Non-cash charges for the quarter ended September 30, 2009 included $1,515,000 related to the beneficial conversion feature of the Company’s Series F Convertible Preferred Stock issued in July 2009. As reported earlier, the Series F Convertible Preferred Stock was issued in a private placement to a single investor for gross proceeds of $2,000,000, after funding a related escrow for conversion payments. Non-cash stock-based compensation charges for the quarters ended September 30, 2009 and 2008 totaled approximately $199,000 and $317,000, respectively.
For the nine months ended September 30, 2009, Cortex reported a net loss applicable to common stock of $9,189,000, or $0.18 per share compared to a net loss applicable to common stock of $11,466,000, or $0.24 per share for the corresponding prior year period. Non-cash charges for the nine months ended September 30, 2009 and 2008 approximated $2,803,000 and $1,063,000, respectively.
Excluding the non-cash charges, operating results for the current year periods primarily reflect decreased clinical and preclinical development expenses. Clinical studies during the prior year for AMPAKINE® CX717 demonstrated that the compound can prevent respiratory depression induced by opiates without affecting the opiates’ pain-relieving properties. Preclinical development expenses for AMPAKINE CX1739 from the prior year periods readied the compound for Phase I clinical testing that was completed earlier in 2009. As reported, CX1739 was well tolerated and exhibited linear exposure with increasing doses. Cortex is now conducting a small, proof-of-concept clinical study with CX1739 in the U.K. in patients with moderate-to-severe sleep apnea. This study is expected to complete by the end of 2009.
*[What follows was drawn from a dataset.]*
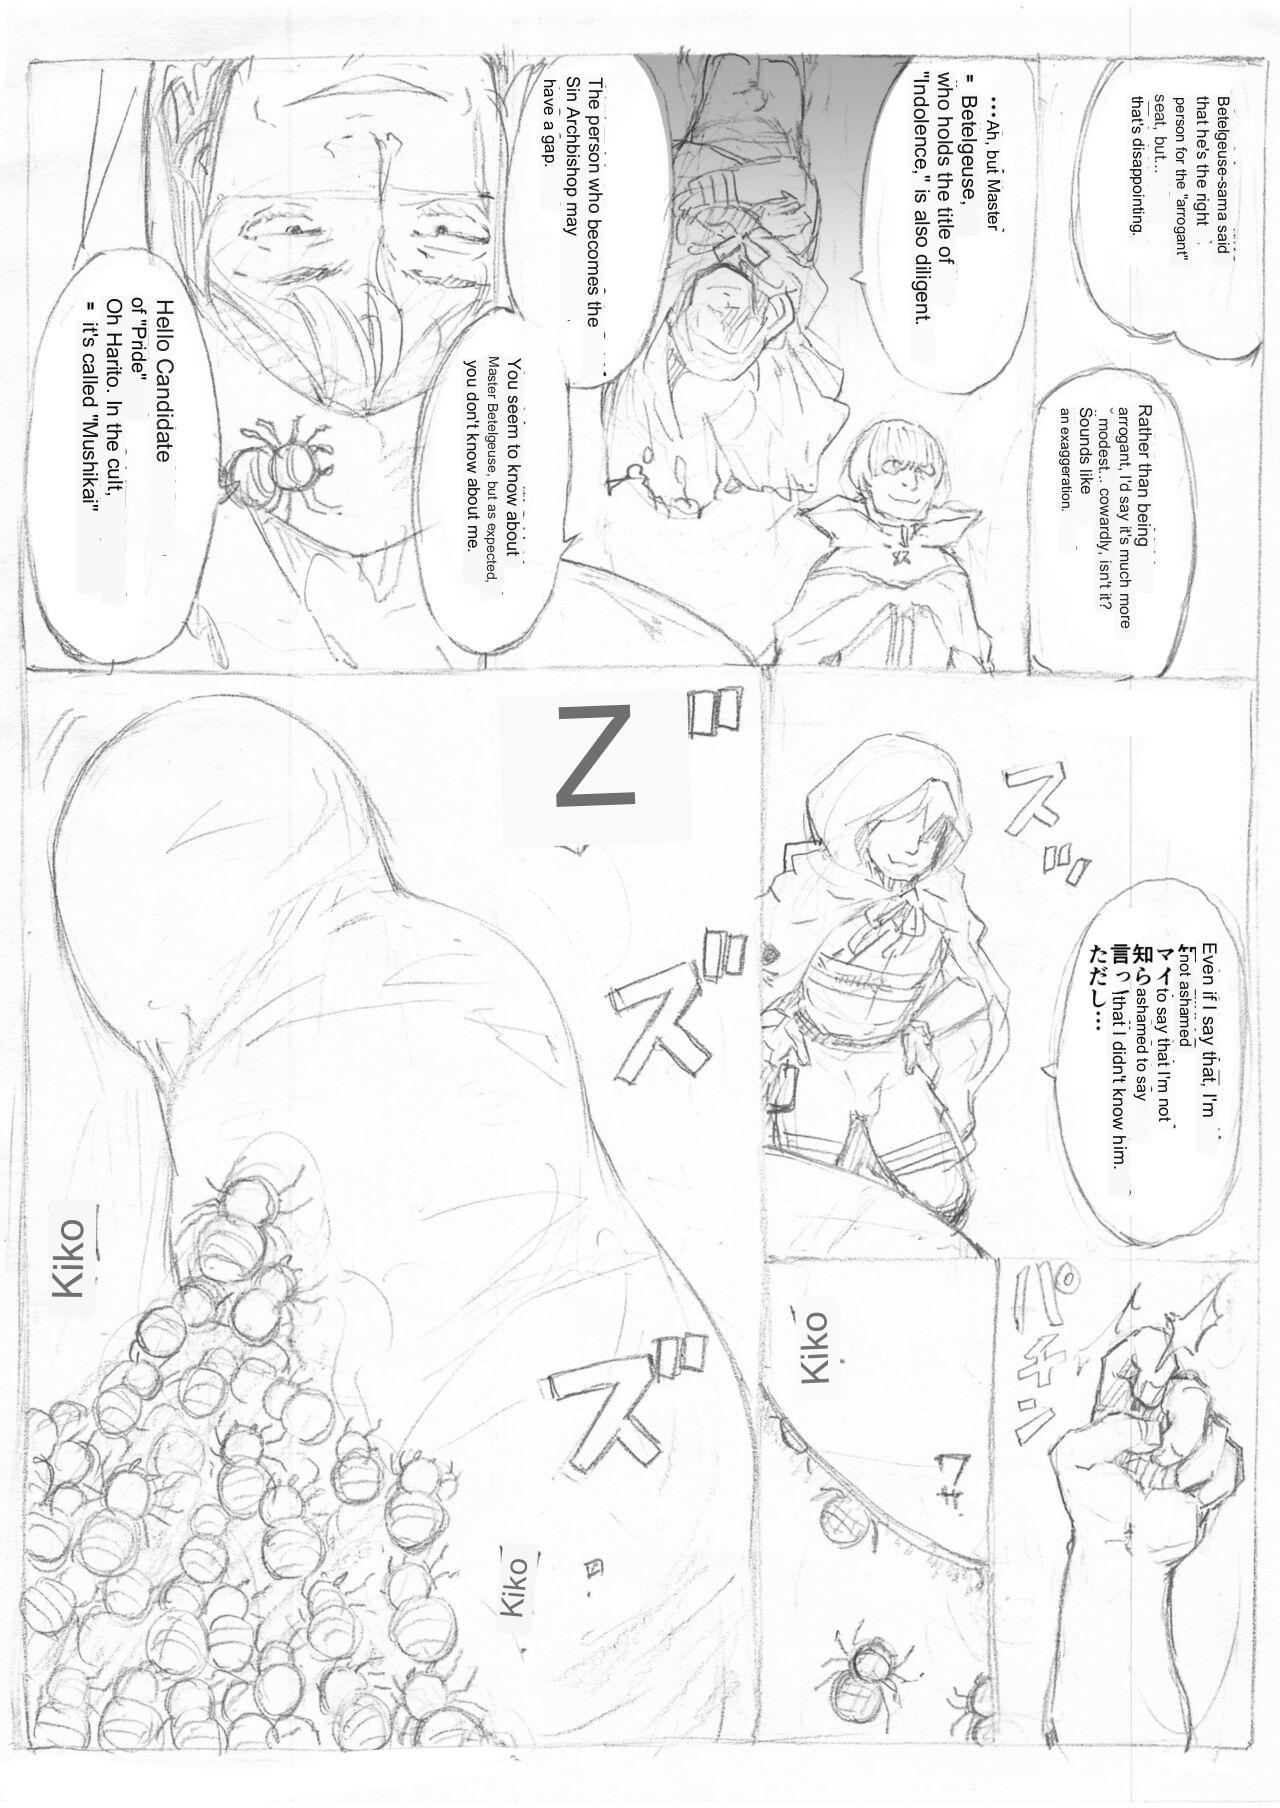 [Fujiwara Shunichi] Emilia Kumo Ito Kousoku Manga (Re: Zero kara Hajimeru Isekai Seikatsu) google translate 10

Operating results for the 2009 periods also include savings resulting from the reduction in force in mid-March, along with the savings from decreased salaries for the company’s executive officers that were implemented shortly thereafter. As previously reported, Cortex reduced its spending requirements to allocate more of its resources to its clinical programs, including intravenous CX717 and oral CX1739.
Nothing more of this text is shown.